Given records
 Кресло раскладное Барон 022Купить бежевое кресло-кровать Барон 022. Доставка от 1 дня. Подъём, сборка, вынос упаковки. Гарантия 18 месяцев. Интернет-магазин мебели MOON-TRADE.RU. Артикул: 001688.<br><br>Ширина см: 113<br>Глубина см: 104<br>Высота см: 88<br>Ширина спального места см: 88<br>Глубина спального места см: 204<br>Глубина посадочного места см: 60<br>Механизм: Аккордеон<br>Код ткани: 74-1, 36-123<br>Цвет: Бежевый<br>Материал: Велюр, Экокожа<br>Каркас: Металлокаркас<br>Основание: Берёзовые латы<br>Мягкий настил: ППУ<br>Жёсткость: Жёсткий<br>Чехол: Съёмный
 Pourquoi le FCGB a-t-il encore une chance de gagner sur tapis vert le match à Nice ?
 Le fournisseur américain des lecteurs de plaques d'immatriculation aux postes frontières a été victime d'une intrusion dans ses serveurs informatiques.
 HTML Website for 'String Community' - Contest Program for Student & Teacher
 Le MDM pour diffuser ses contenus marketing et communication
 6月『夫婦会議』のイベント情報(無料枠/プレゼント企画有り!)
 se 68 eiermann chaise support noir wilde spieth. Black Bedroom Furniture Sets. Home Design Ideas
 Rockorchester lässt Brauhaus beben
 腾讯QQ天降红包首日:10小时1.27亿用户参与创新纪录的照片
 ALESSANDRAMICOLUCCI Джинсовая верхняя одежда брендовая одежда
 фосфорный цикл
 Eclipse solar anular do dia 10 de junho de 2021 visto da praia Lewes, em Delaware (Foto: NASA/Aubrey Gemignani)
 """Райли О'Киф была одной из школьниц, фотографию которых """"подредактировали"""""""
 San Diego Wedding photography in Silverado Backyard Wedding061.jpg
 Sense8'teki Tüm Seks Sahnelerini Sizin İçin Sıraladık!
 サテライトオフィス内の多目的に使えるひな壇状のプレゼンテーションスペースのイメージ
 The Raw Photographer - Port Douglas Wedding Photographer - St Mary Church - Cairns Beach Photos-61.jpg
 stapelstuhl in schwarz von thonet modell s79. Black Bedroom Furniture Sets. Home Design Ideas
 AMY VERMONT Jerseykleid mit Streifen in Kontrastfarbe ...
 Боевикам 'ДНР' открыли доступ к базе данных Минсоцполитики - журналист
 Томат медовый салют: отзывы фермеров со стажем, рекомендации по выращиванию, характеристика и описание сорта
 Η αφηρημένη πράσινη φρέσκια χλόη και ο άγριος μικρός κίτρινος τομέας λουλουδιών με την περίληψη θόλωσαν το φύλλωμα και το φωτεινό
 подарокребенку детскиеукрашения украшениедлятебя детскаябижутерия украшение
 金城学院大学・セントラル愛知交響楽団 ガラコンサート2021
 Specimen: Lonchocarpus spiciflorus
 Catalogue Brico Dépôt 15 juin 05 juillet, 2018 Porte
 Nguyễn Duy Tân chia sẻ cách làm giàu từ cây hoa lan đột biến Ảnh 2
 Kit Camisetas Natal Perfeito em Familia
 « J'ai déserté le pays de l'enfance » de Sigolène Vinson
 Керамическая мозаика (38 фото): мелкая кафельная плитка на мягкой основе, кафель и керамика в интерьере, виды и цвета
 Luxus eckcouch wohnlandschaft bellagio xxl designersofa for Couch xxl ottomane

Task goal
Pull out all lines from the entries above in which the word "Furniture" appears.

Answer section
 se 68 eiermann chaise support noir wilde spieth. Black Bedroom Furniture Sets. Home Design Ideas
 stapelstuhl in schwarz von thonet modell s79. Black Bedroom Furniture Sets. Home Design Ideas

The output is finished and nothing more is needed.